Work task
The listing below is to be duplicated exactly, with every picture omitted.

Given material
++++++++
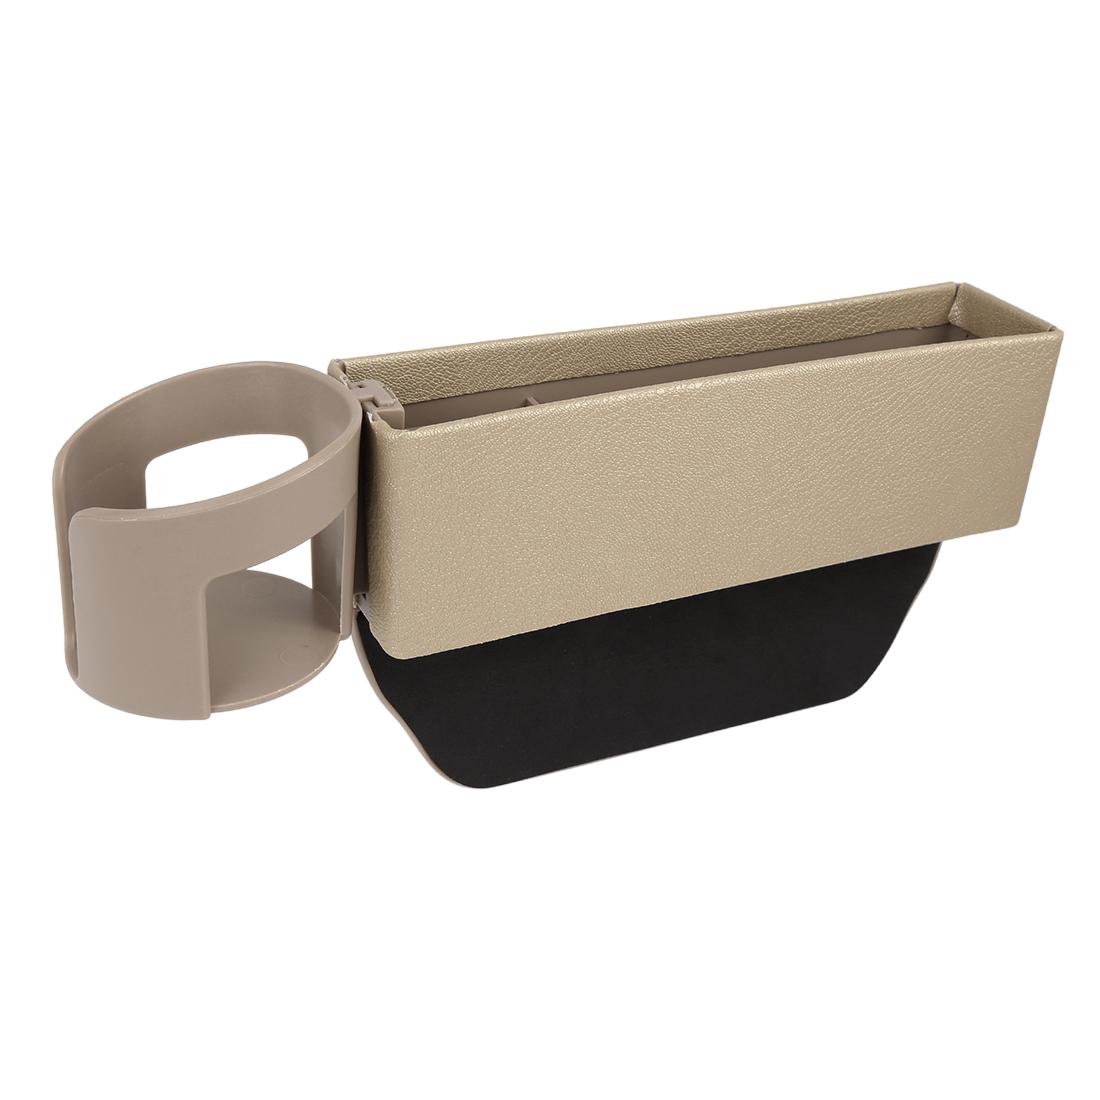 Beige PU Leather Car Seat Crevice Storage Driver Passenger Side Gap Organizer
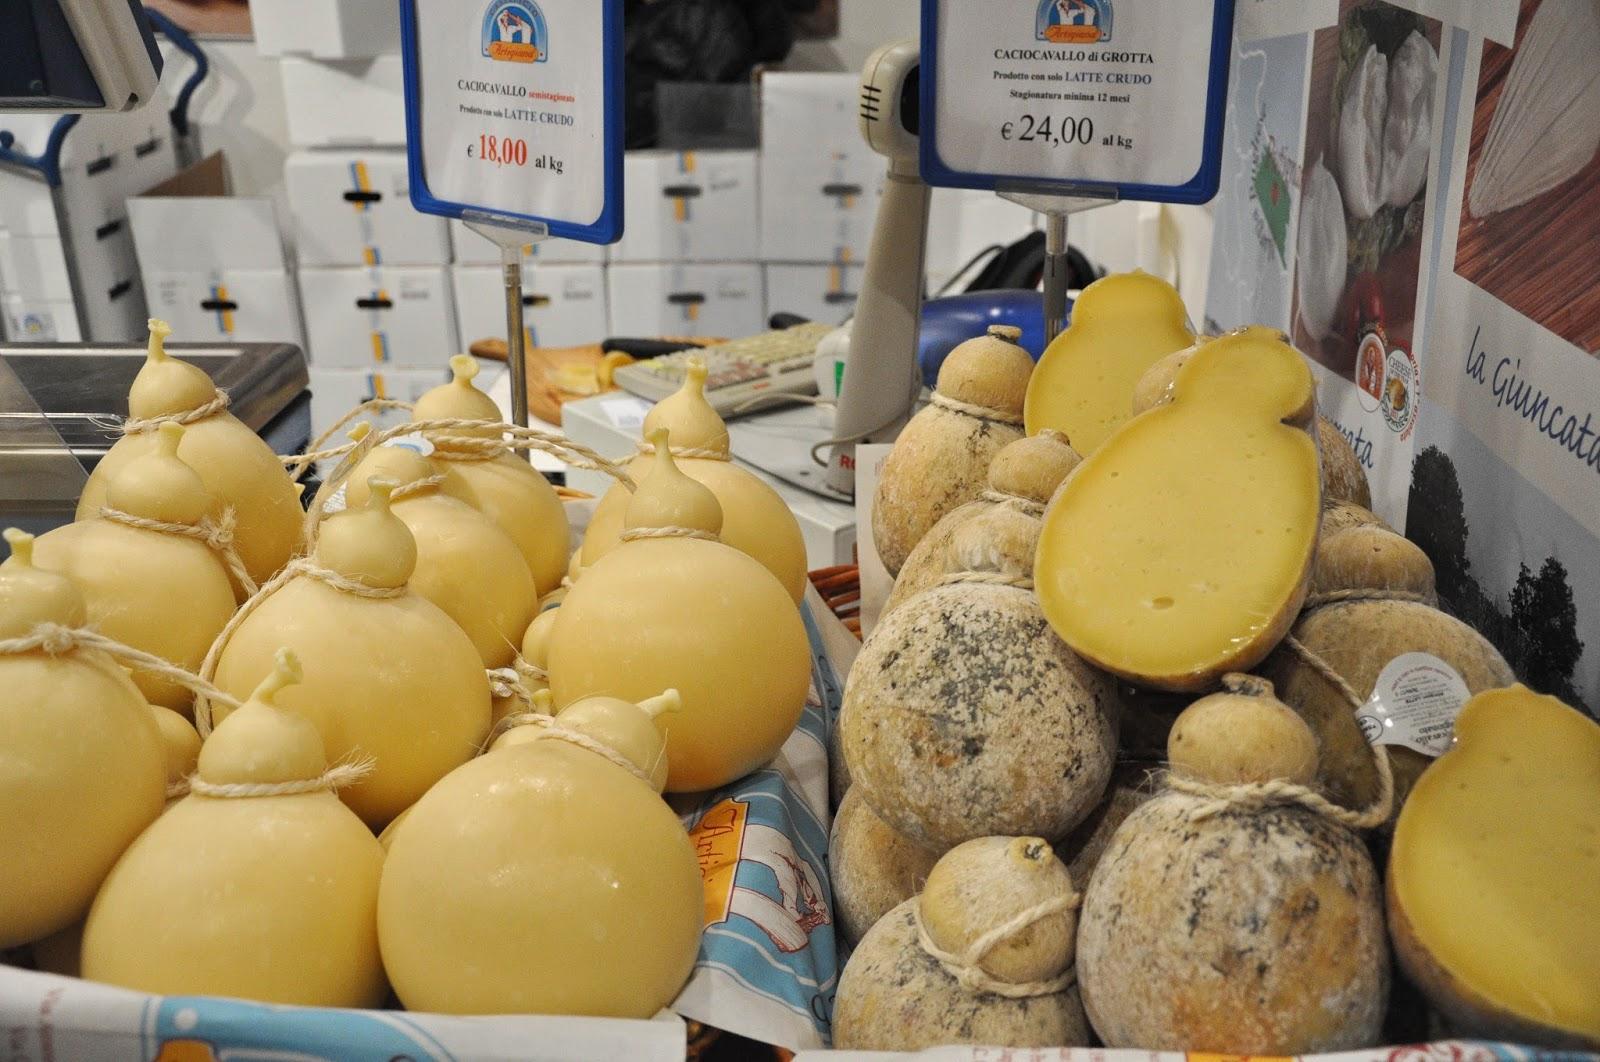 Caciocavallo cheese at CosmoFood Fair, Vicenza, Italy
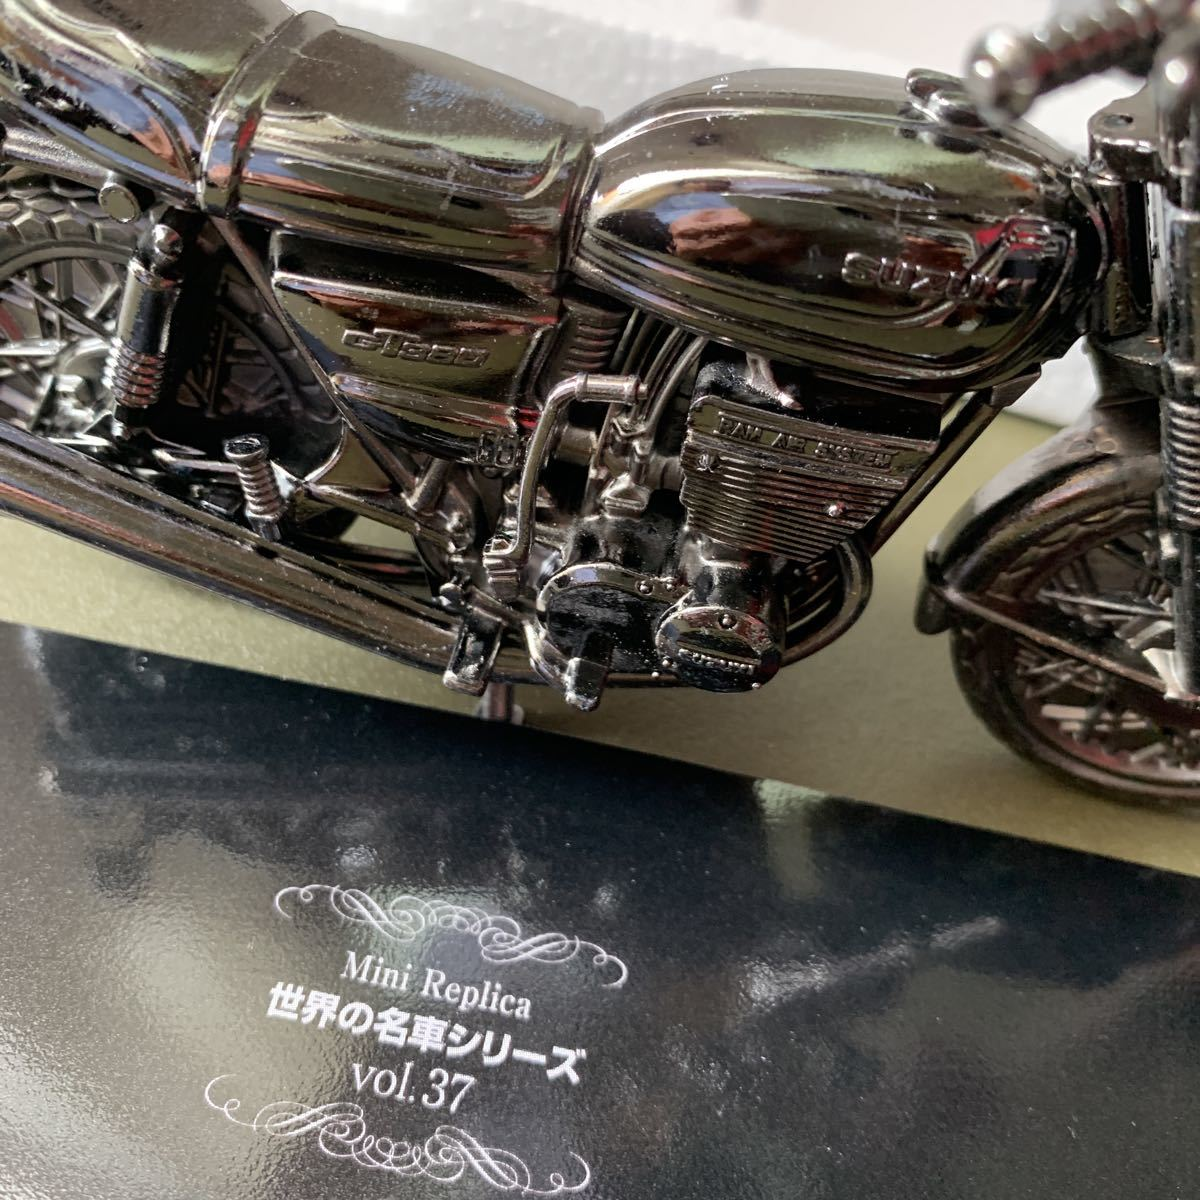 K_DSC0054 世界の名車シリーズ vol.37 SUZUKI GT380 レッドバロン ミニレプリカ バイクのインテリアミニカー_画像9
++++++++
Your solution
 Beige PU Leather Car Seat Crevice Storage Driver Passenger Side Gap Organizer
 Caciocavallo cheese at CosmoFood Fair, Vicenza, Italy
 K_DSC0054 世界の名車シリーズ vol.37 SUZUKI GT380 レッドバロン ミニレプリカ バイクのインテリアミニカー_画像9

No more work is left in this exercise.